St. Mary’s summer camp welcomes new freshmen

Bill San Antonio

Before the start of his freshman year at St. Mary’s High School in 2008, Lynbrook native John Abbotangelo didn’t know any of his new classmates.

Wanting to shed the nerves that can come with entering the Manhasset Catholic school, the Class of 2012 graduate decided to do what many in his shoes have done in increasing numbers in the last few years: he attended the school’s freshman summer program at Camp Marist in Effingham, N.H.

For one week each August, incoming St. Mary’s freshmen leave their cell phones and home lives behind to bond with their future classmates over kickball games and archery lessons.

Most, including Abootangelo, don’t want to leave.

“After the first camp experience, there’s a feeling of, ‘I don’t want to go home,’” Abbotangelo said. “By the time you go back to school, you already have friends, or if you didn’t make friends you’ve at least established a good dynamic of how social groups and people work at St. Mary’s.”

This year, 111 freshmen attended the camp along with 30 seniors serving as their mentors and counselors and a handful of St. Mary’s teachers and administrators.  

“What I’ve heard and experienced in the past is that it presents a bit of a magical time for our incoming freshmen,” said Grace Cavallo, president of St. Mary’s High School. “The days evolve into such a great bond of community that the freshman class blossoms by the first day of school.  They are saying hello to each other and build the comradeship that takes three to four weeks in other high schools.”

Incoming freshman Lauren Capobianco said she was nervous about attending St. Mary’s because she had gone to school in Floral Park, where she lives.

But after learning about Camp Marist at one of the school’s open-house information sessions, Capobianco jumped at the chance to meet her classmates and learn from the seniors.

“We heard it’s a great way to make friends so that on the first day of school, you know people,” Capobianco said. 

Abbotangelo said he made friends at Camp Marist immediately, even though his parents dropped him off after a family vacation and he didn’t take the bus ride up with the rest of the students.
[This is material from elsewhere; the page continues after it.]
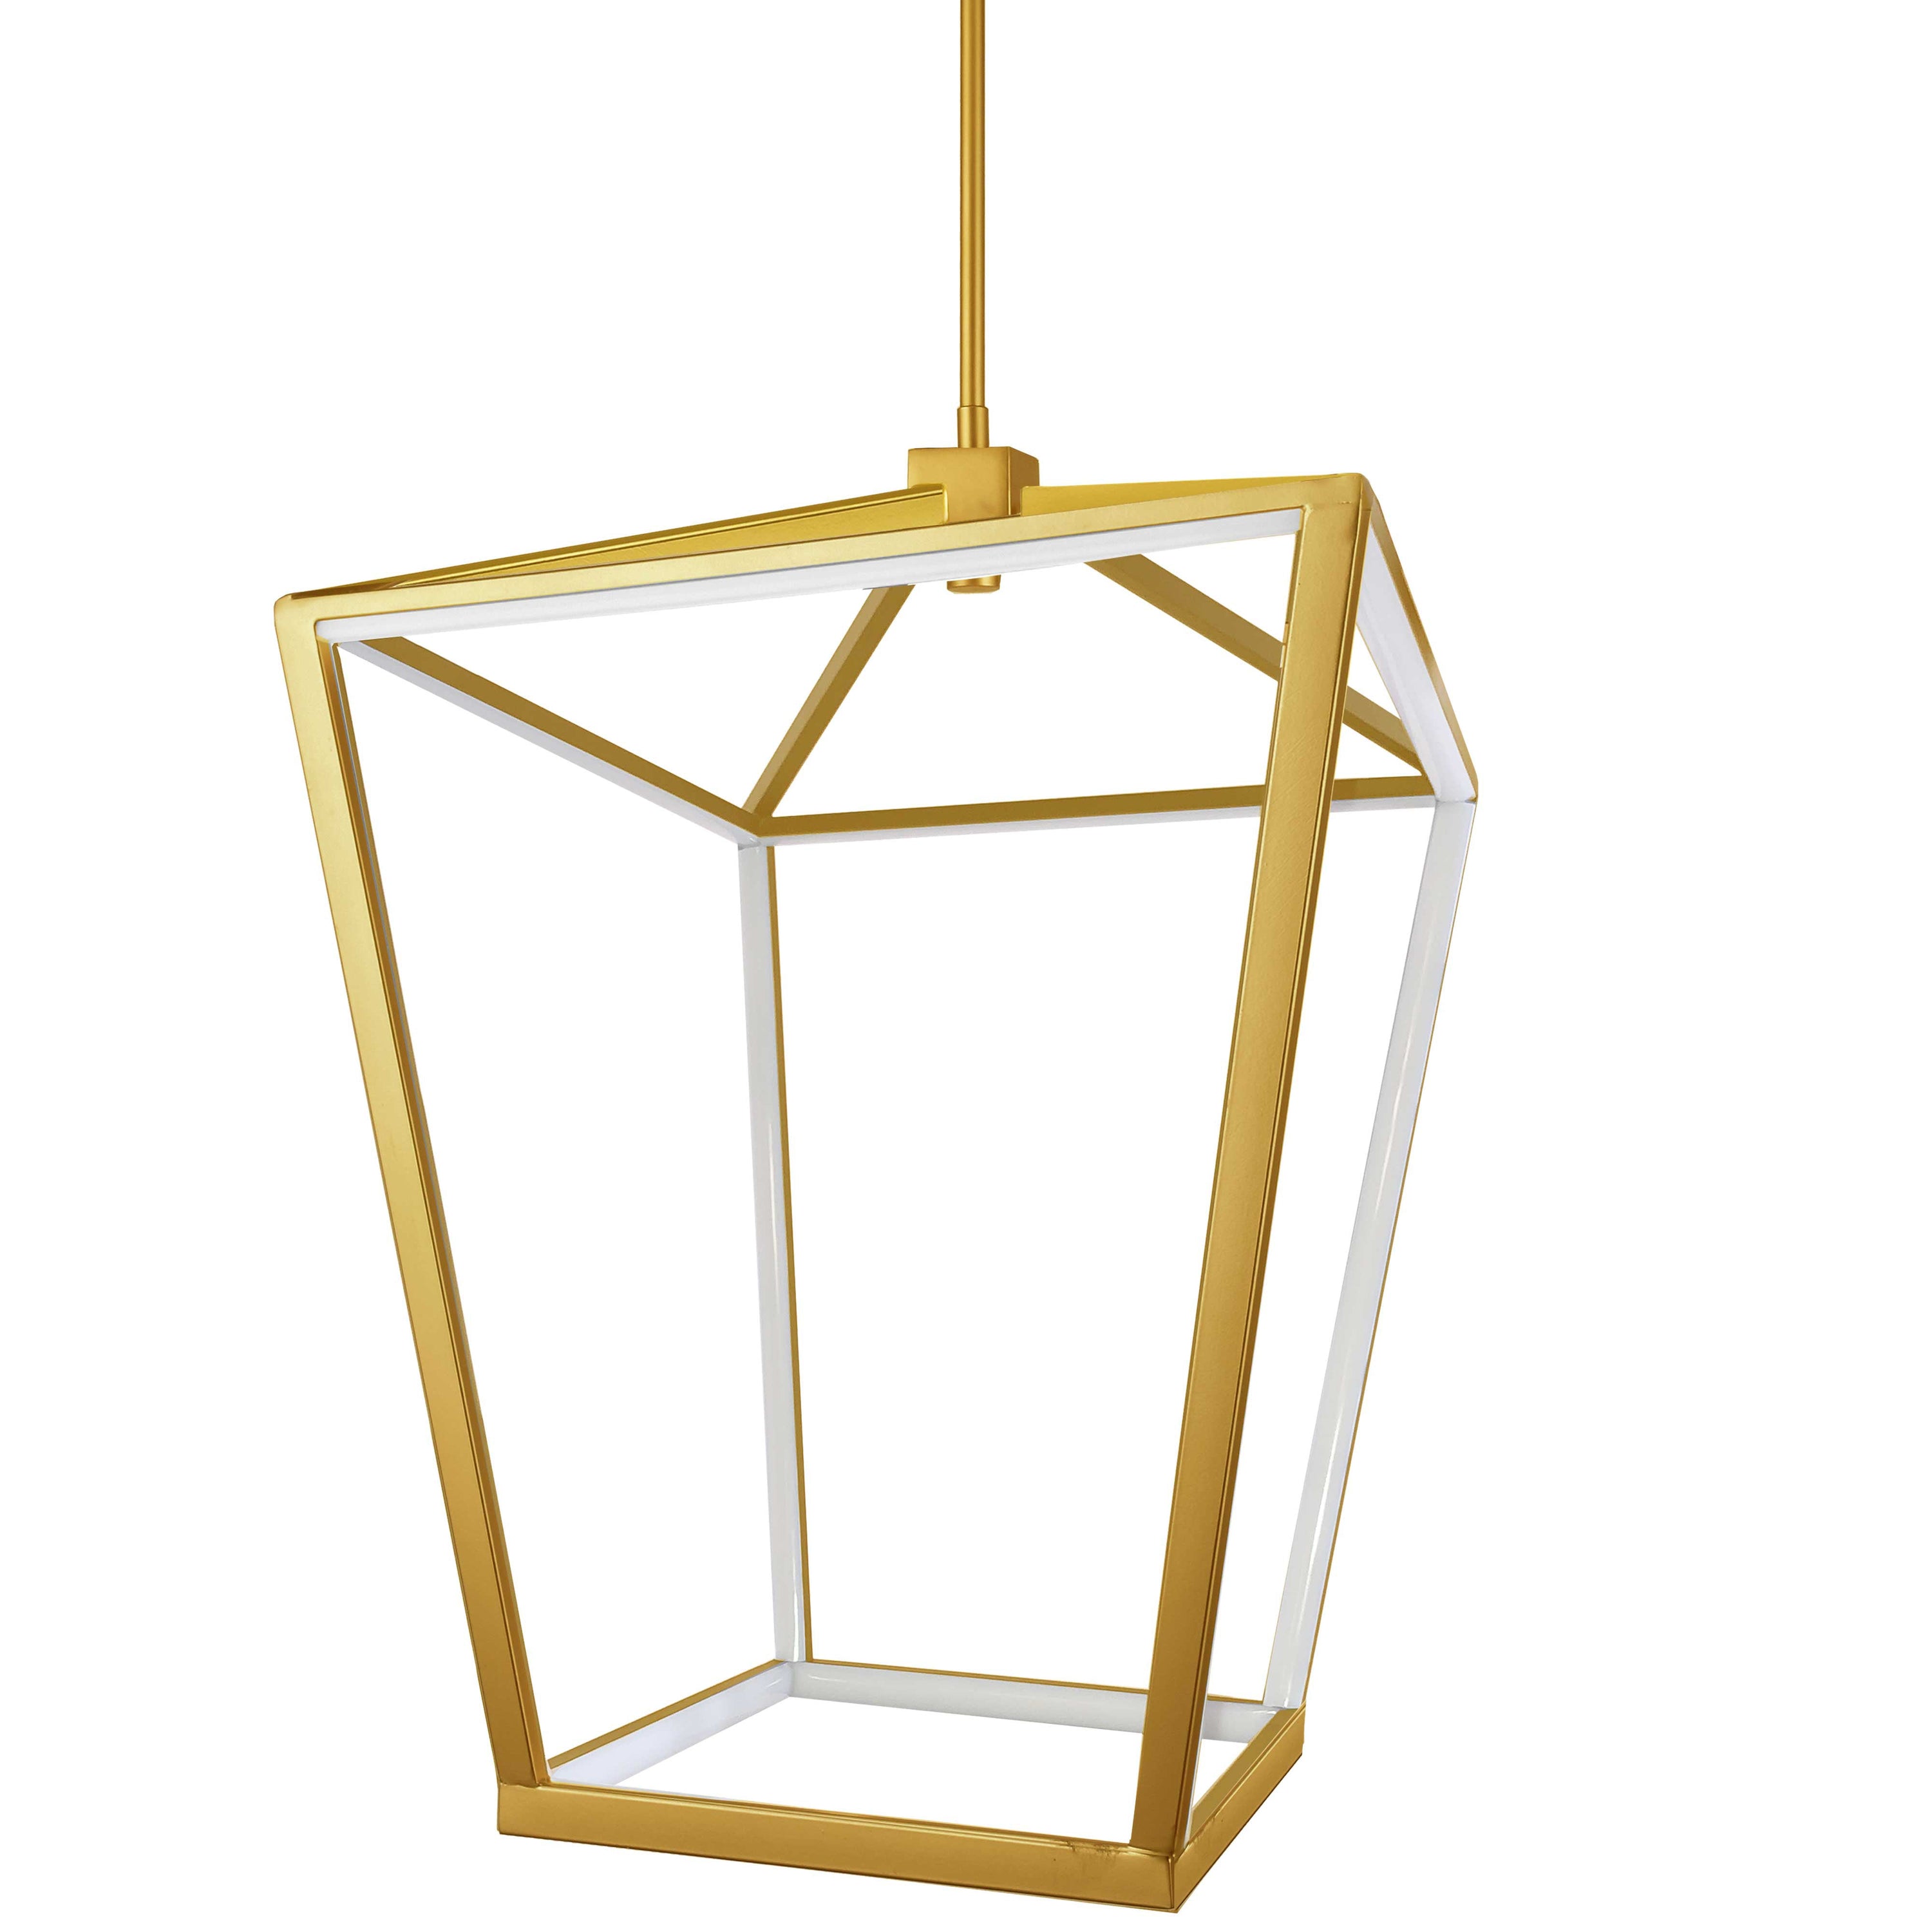 Dainolite Cage - CAG-2664C-AGB - 64W Chandelier Fixture, Aged Brass with White Diffuser - Aged Brass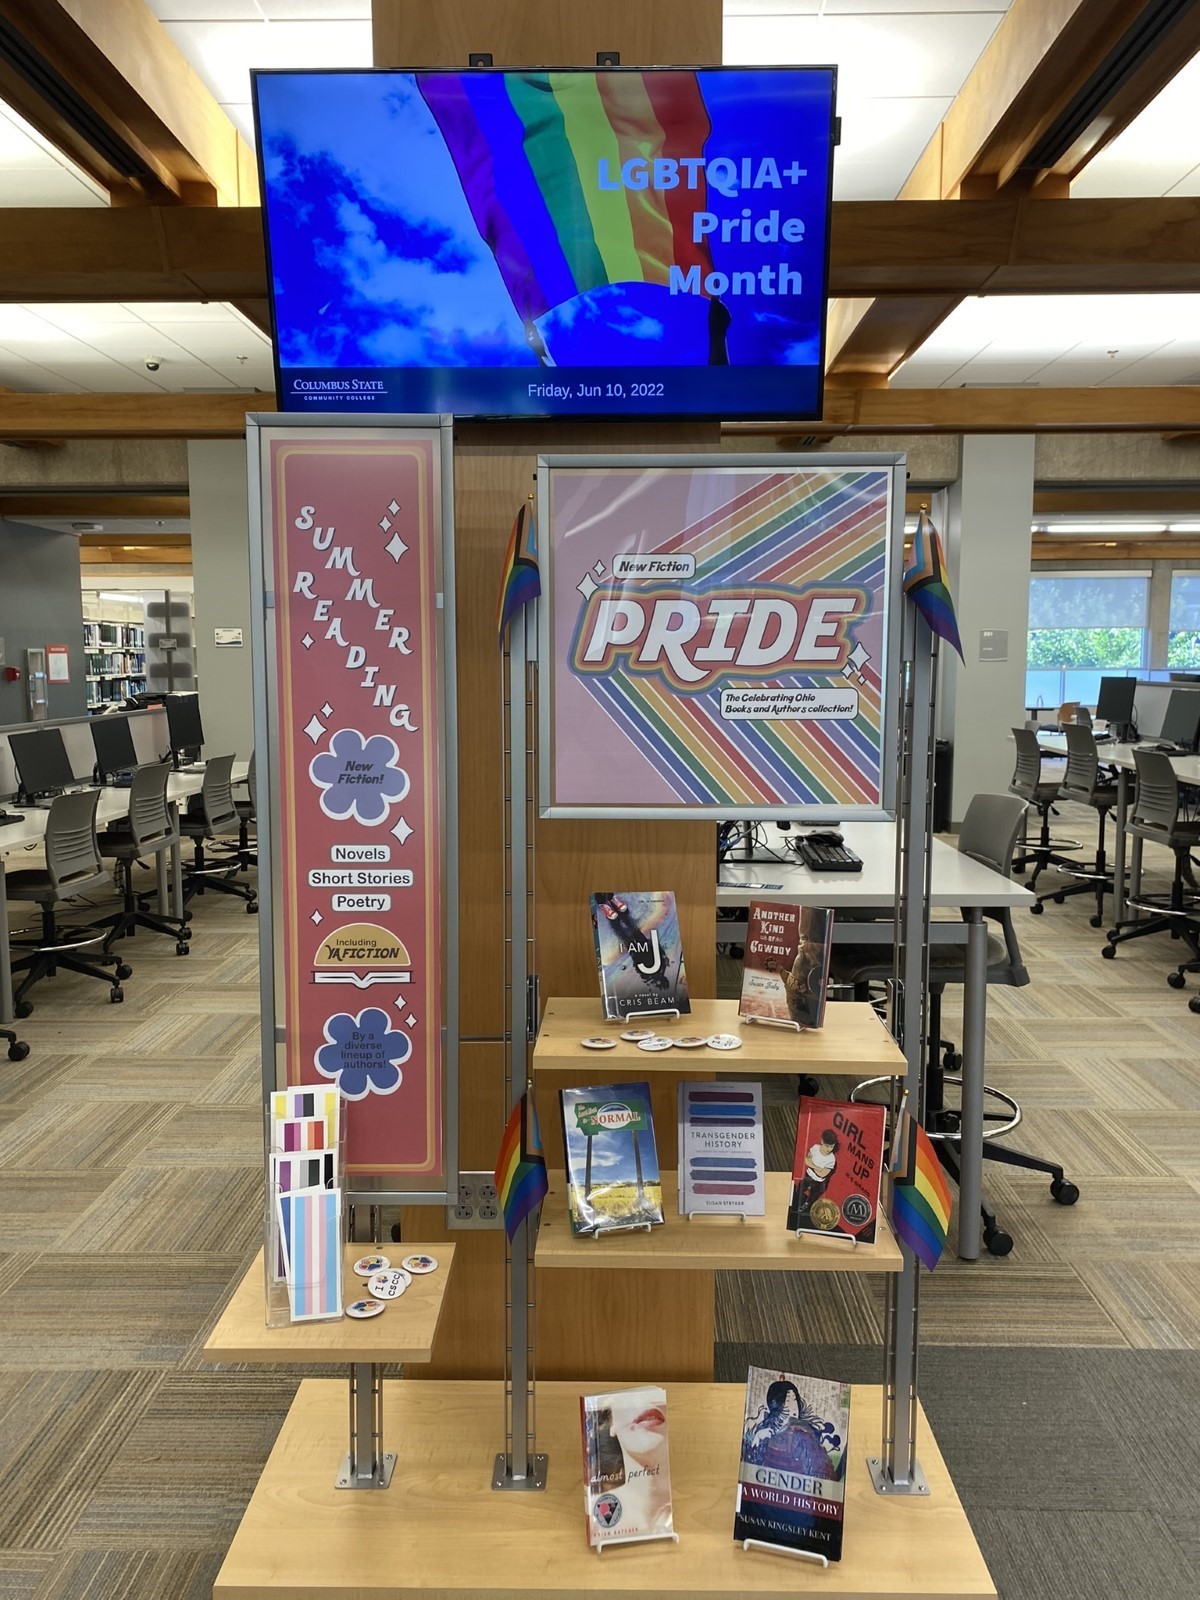 The display of the Pride Month reading materials at the Library.

Though he said he was initially a bit shy, Abbotangelo said the camp’s tight scheduling of activities ensured the students would always be active and interact with each other.

“You’re constantly doing something, and everything is scheduled so you go from one thing to the next, just like a high school schedule,” Abbotangelo said. “To climb trees, you climb this rope, and everybody climbs the rope, and in doing so you get to be more comfortable with each other.”

Interspersed with activities like softball games, swimming and go kart racing, incoming freshmen also ask their senior counselors for advice on what to expect when the first period bell rings in early September, marking the start of their high school careers. 

“Now it’s not so scary going into the school year because we have seniors we know,” Capobianco said. “We were able to ask them about the school and the usual things like what teachers are really good and which we should avoid, which classes are easy and which ones are hard, and ways we can plan our schedule so we’re freed up a bit senior year.”

On the last night of the camp, the seniors share their experiences as campers and as freshmen and give gag awards to their freshmen classmates for being the most homesick or the one who made the most friends.

Vincent de Venoge, a St. Mary’s senior who attended camp as a freshman and this year went as a counselor, said was encouraged to attend the camp by his three older sisters, who each went to Camp Marist as freshmen and returned as counselors prior to their senior years. 

Though he was nervous about going to camp with kids he had only just met, de Venoge said he had such a positive experience at Camp Marist that he wanted to “pay the experience forward” by welcoming the next generation of St. Mary’s students.

“I take a lot of pride in being a senior leader,” said de Venoge, a Manhasset resident. “Most kids really do want to come back. We get them acclimated with the school’s strong Catholic values, but most importantly we bring them into the St. Mary’s family.”